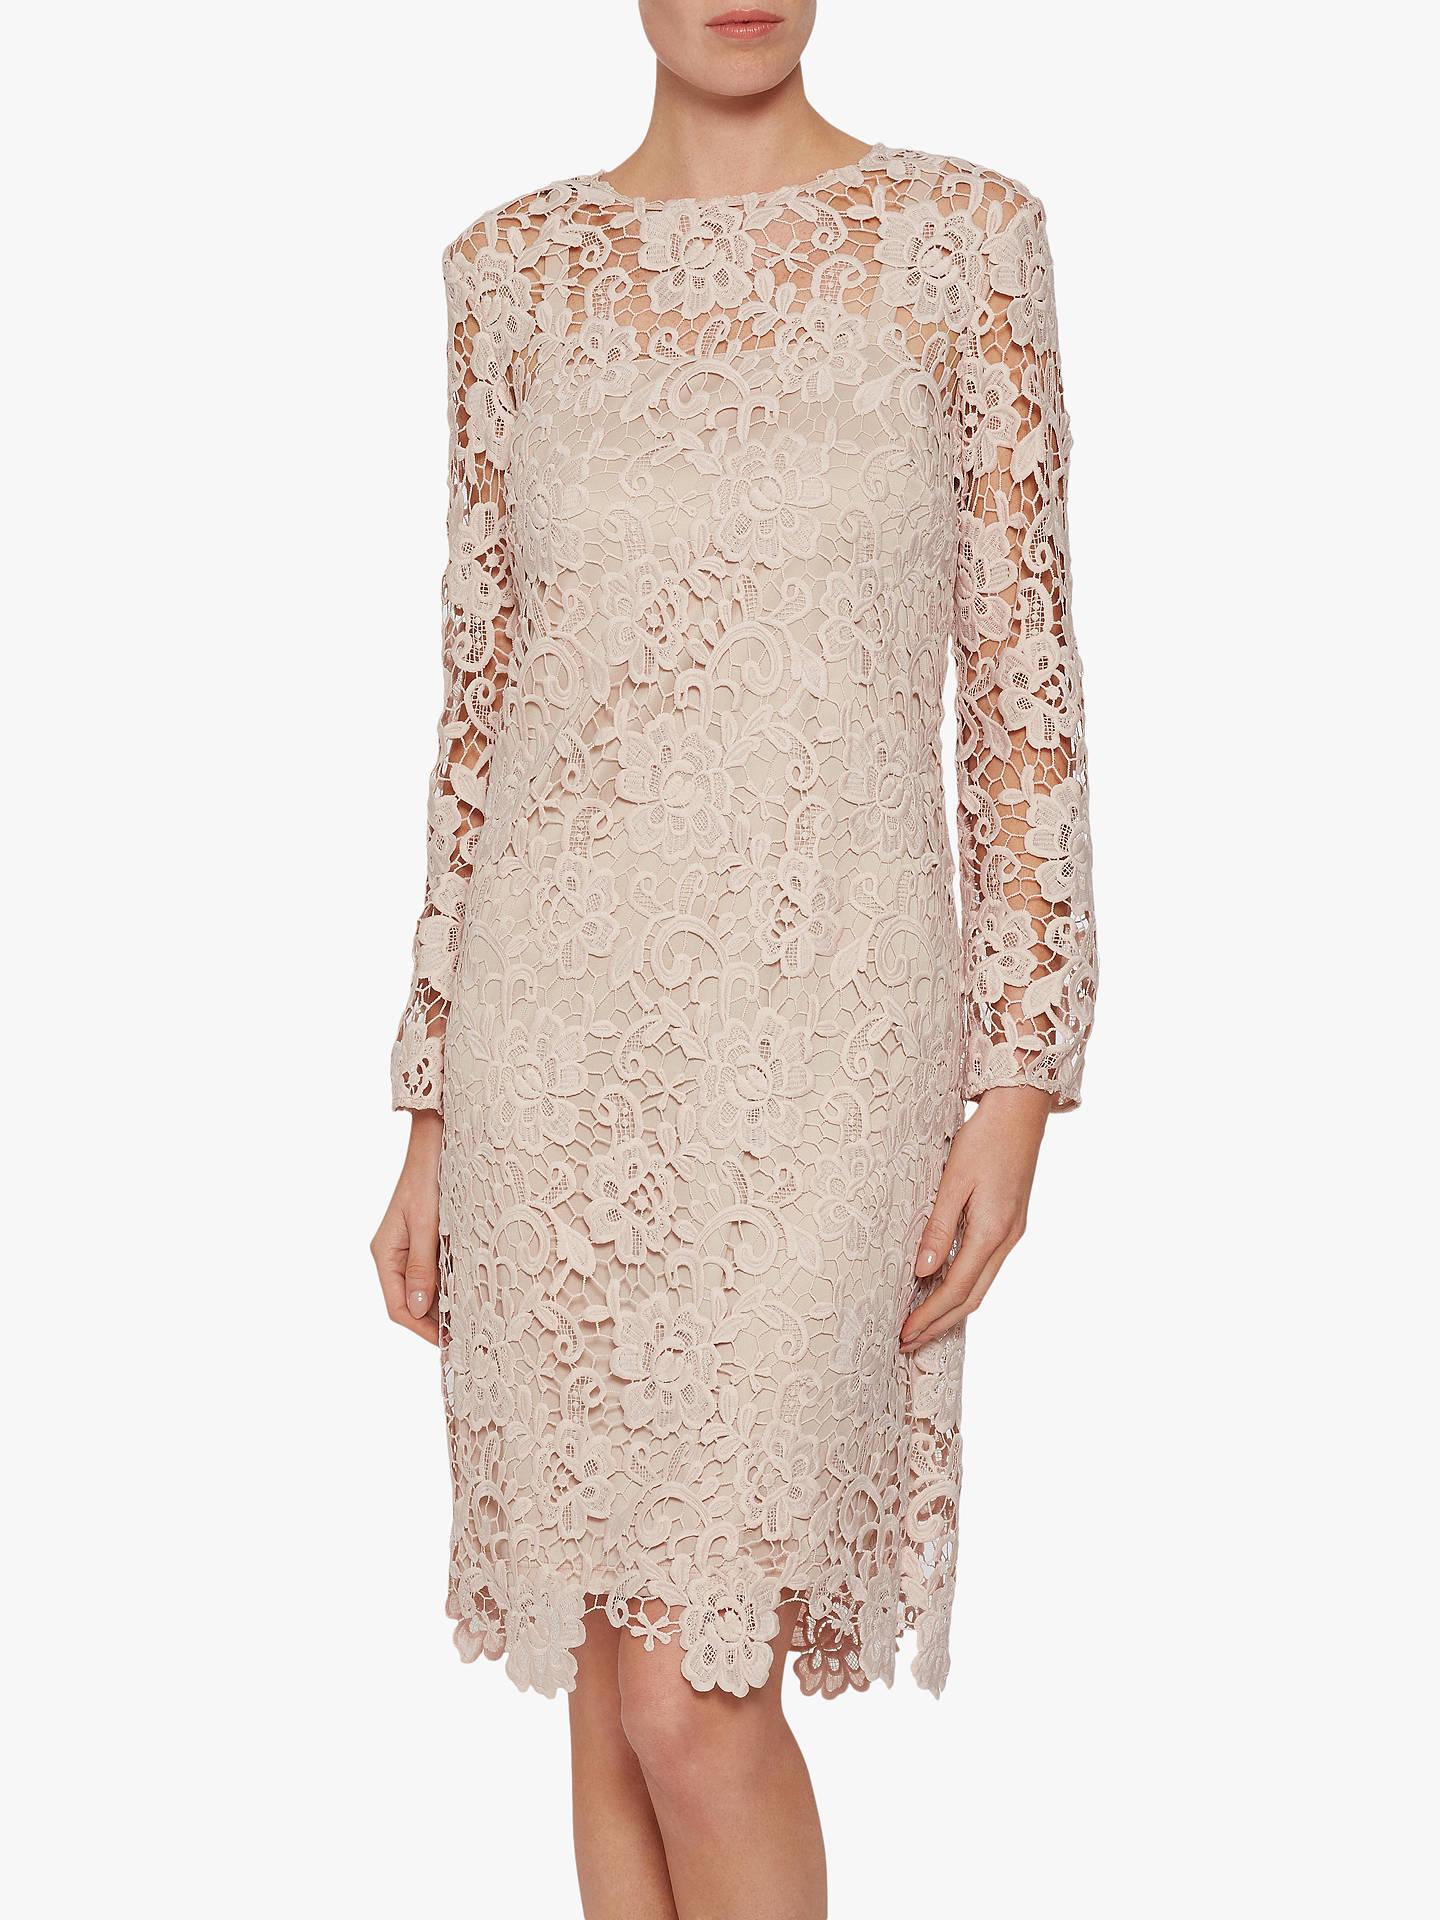 832edc55cb Buy Gina Bacconi Lorenza Lace Maxi Dress, Antique Rose, 8 Online at  johnlewis.
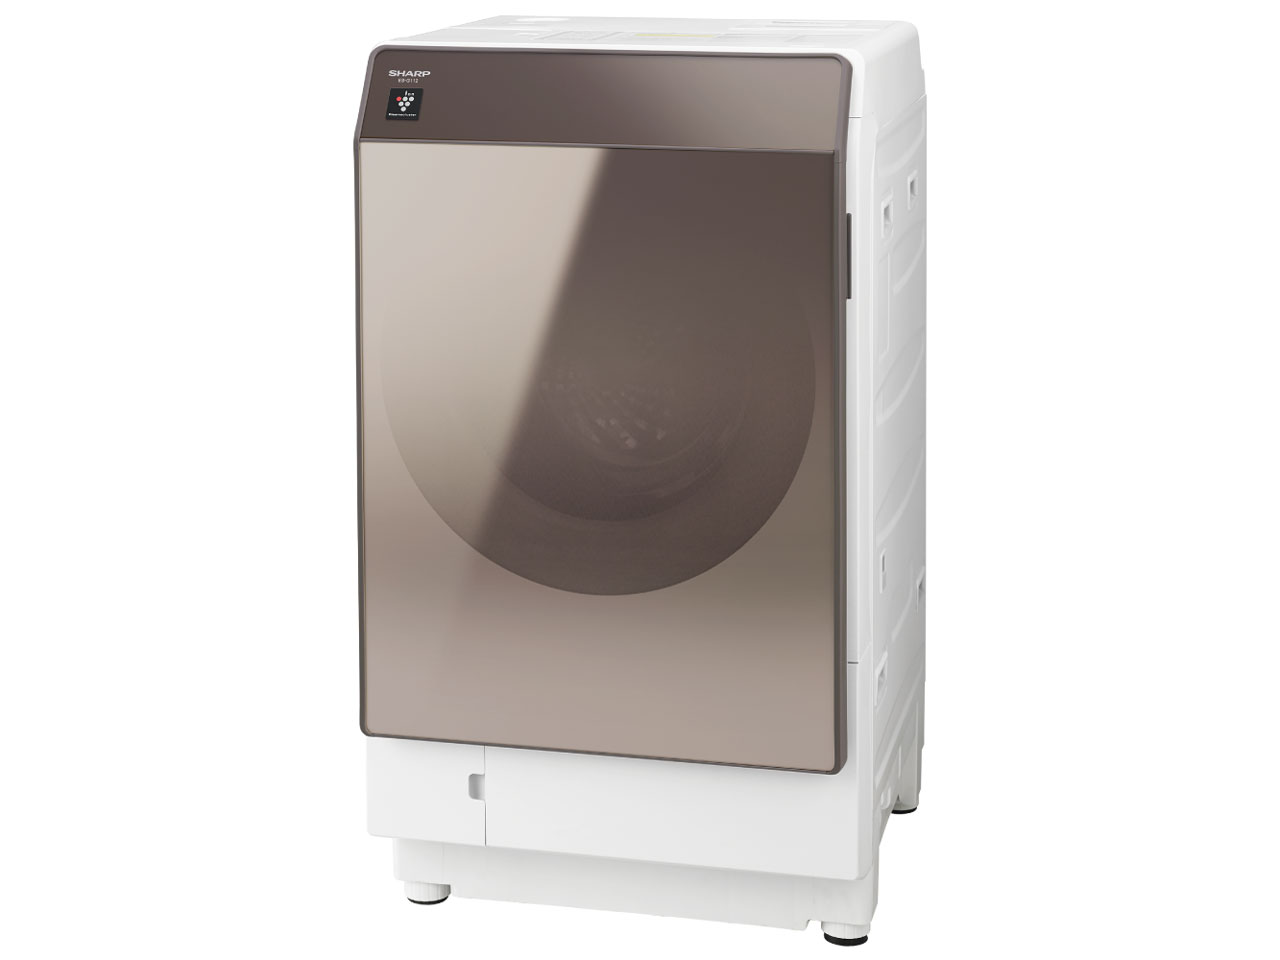 ES-G112-TL シャープ ドラム洗濯乾燥機
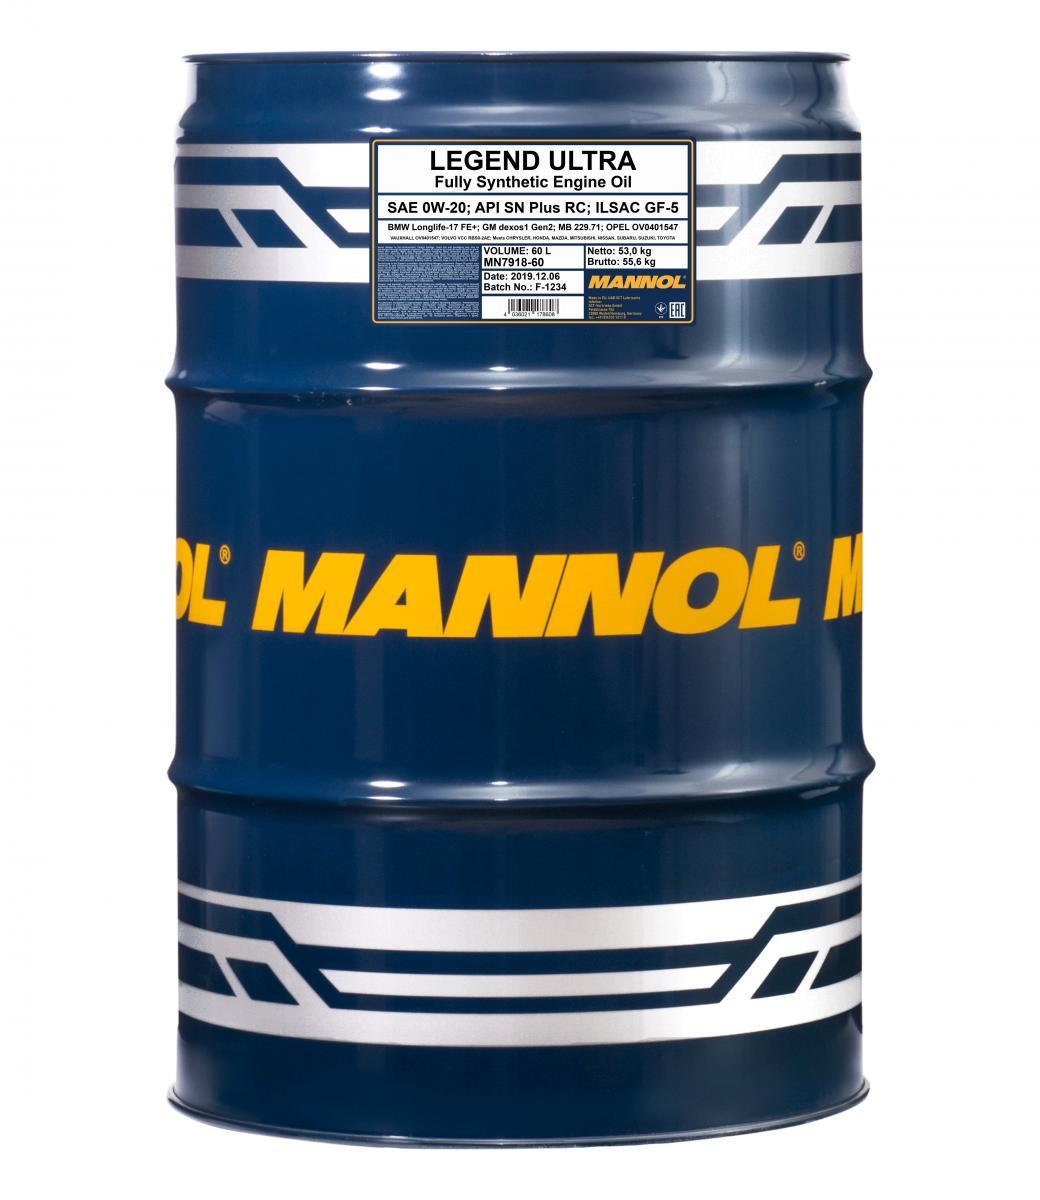 MANNOL LEGEND, ULTRA MN7918-60 Motoröl

● **Exercise**
Exactly repeat only the lines from the one with "ES-G112-TL シャープ ドラム洗濯乾燥機" to the closing line above, both included, and omit every picture.

● **Exercise output**
 ES-G112-TL シャープ ドラム洗濯乾燥機
 MANNOL LEGEND, ULTRA MN7918-60 Motoröl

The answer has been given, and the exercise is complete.